Lin GX, Kotheeranurak V, Zeng TH, Mahatthanatrakul A, Kim JS. A longitudinal investigation of the endplate cystic lesion effect on oblique lumbar interbody fusion.
Clin Neurol Neurosurg 2019;
184:105407. [PMID:
31398631 DOI:
10.1016/j.clineuro.2019.105407]
[Citation(s) in RCA: 4] [Impact Index Per Article: 0.8] [Reference Citation Analysis] [Abstract] [Key Words] [Track Full Text] [Journal Information] [Subscribe] [Scholar Register] [Received: 12/27/2018] [Revised: 05/20/2019] [Accepted: 06/30/2019] [Indexed: 12/21/2022]
Abstract
OBJECTIVE
To determine longitudinal effects of changes in endplate cystic lesions on oblique lumbar interbody fusion (OLIF), the relationship between bone healing and endplate cystic lesion changes, and clinical significance of cyst formation.
PATIENTS AND METHODS
A total of 107 segments in 67 patients who underwent OLIF between January 2013 and July 2016 were examined in this retrospective study.

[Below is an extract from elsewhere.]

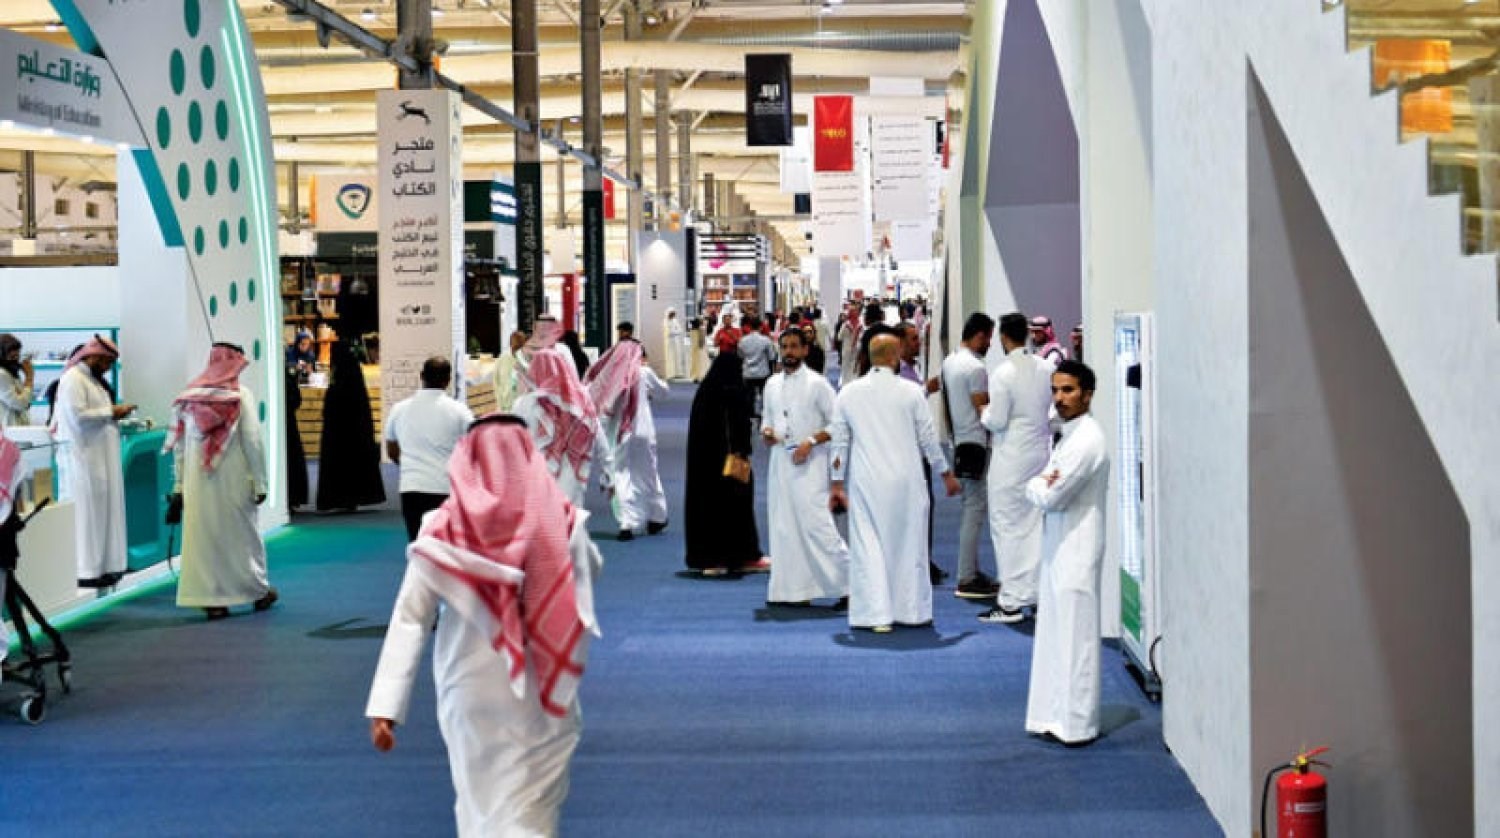 أكثر من 200 فعالية في المعرض الدولي للكتاب في الرياض

Using computed tomography, radiographic examinations of endplate cystic lesion, positive or negative cyst formation, cage subsidence, and fusion status were performed. Clinical outcomes were measured using visual analogue scale (VAS) pain scores, Oswestry disability index (ODI), and modified Macnab criteria. Outcomes were compared with preoperatively and postoperatively. A logistic regression analysis was performed to evaluate the relationship between measurements for endplate cysts.
RESULTS
The fusion rate after OLIF was 94.4% at 2-year follow-up, with 86% of cases reporting satisfactory outcome (based on modified Macnab criteria). A significantly higher (P < 0.01) VAS score for back pain was observed in the cystic lesion group than non-cystic lesion group at 6-month follow-up. Cage subsidence significantly increased the risk of non-union (odds ratio [OR]: 17.24; 95% confidence interval [CI]: 1.67-178.09). Positive cyst sign was a significant risk factor for cage subsidence (OR: 8.52; 95% CI: 2.73-26.62) while cage subsidence was also a significant risk factor for positive cyst formation (OR: 8.37; 95% CI: 2.71-25.89).
CONCLUSIONS
Cystic lesion may increase back pain in the early postoperative period. However, the preoperative cystic lesion does not aggravate a positive cyst formation or affect the final clinical result. Positive cyst formation was a significant risk factor for cage subsidence. In addition, cage subsidence was a significant predictor of non-union. Thus, the authors can speculate that positive cyst sign was potentially an indirect predictor of non-union.